Diuguid also paid tribute to the scale of the operation – which relied upon staff in Germany, who also work on its dual World Endurance Championship squad – as well as those in Daytona.

“I think we had three or four people from the WEC program from engineering on-site,” he explained. “And then most of the engineering staff from the Mannheim base were in Weissach in the ops rooms with Porsche Motorsport during the race, cycling in and out so everybody wasn't staying up 24 hours looking at computer screens across the world.

“But there was a high level of support that took us to the finish line.”

Looking ahead, PPM’s next race is the WEC opener at Qatar on 2 March. That series also includes Le Mans Hypercars built to a different ruleset than IMSA’s LMDh-only top prototype class, which features well-oiled title-winning machine Toyota and Le Mans victors Ferrari.

Can it go there and win also? It’s a question that Autosport put to Porsche’s motorsport chief Thomas Laudenbach ahead of its Daytona success.

“Difficult question… I hope so,” he replied. “I think we’ve learned a lot and shown a good curve of our development. We have been the strongest LMDh, even though it has been very close, and so let’s look and see how the situation is.

#7 Team Penske Motorsport Porsche 963: Dane Cameron, Felipe Nasr, Matt Campbell, Josef Newgarden

Photo by: Porsche Motorsport

#7 Team Penske Motorsport Porsche 963: Dane Cameron, Felipe Nasr, Matt Campbell, Josef Newgarden

“The only thing we can really do is try to make a perfect job, get the maximum out of our car. Look at how many manufacturers we’ll have in WEC. I cannot remember having such a great line up and therefore I just hope that everyone who produces such a great effort is in a position to fight.
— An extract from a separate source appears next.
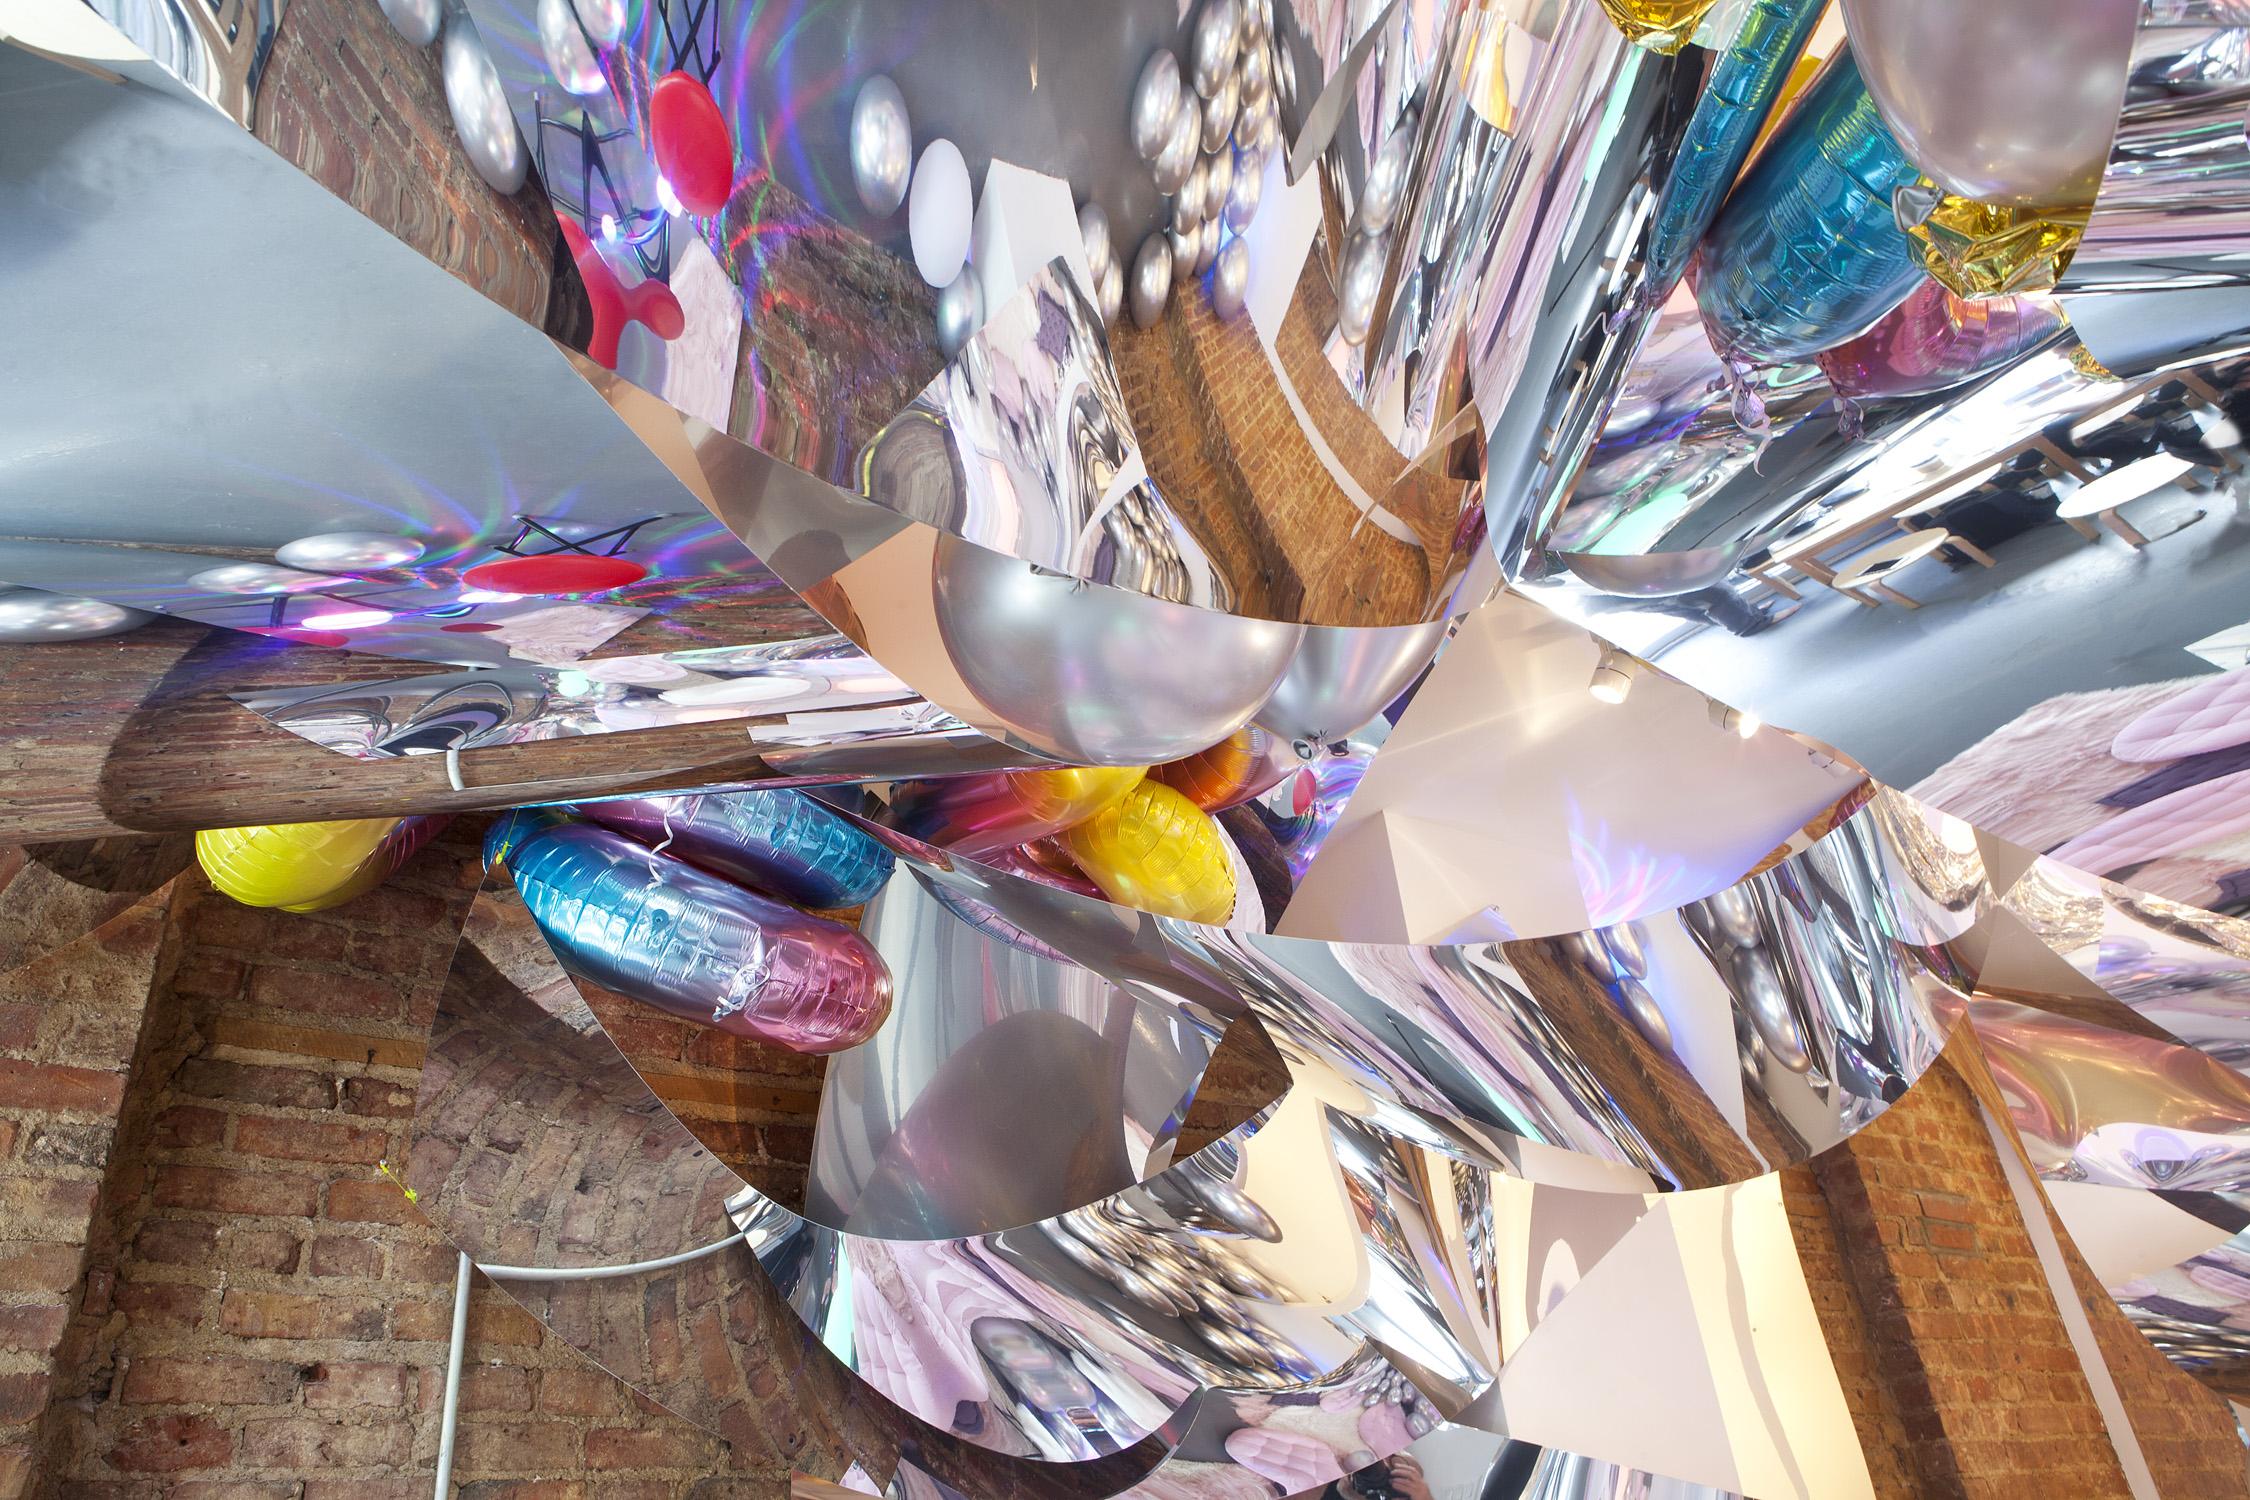 Sharon Louden & Hrag Vartanian,  Origins , Exhibition View, 9.04.19 - 10.11.19. Photo: Christopher Gallo.

“There is no bigger or more iconic race than Le Mans. That’s what we want. I mean, we’ve had times where we only had one competitor, it was still a Le Mans victory, but it’s much sweeter if you win against such strong competition. That’s what we’re looking for. These are great times.”

Organisers have promised a ‘simplified’ Balance of Performance between the two types of car. Laudenbach treads carefully when it comes to discussing BoP, but added: “The highest priority, of course, must remain to give everybody a fair chance to fight for a victory. 

“We fully appreciate everything that the FIA and ACO does; everybody tries to get it right. We know it’s not easy. We’ve been through one season, everyone has learned a lot, which is good, and now let’s see what evolves out of that.

“It’s so very easy to criticise, it’s a lot more difficult to get it right.”

One thing is for sure: Porsche is going to Le Mans with sure-fire intentions of winning it.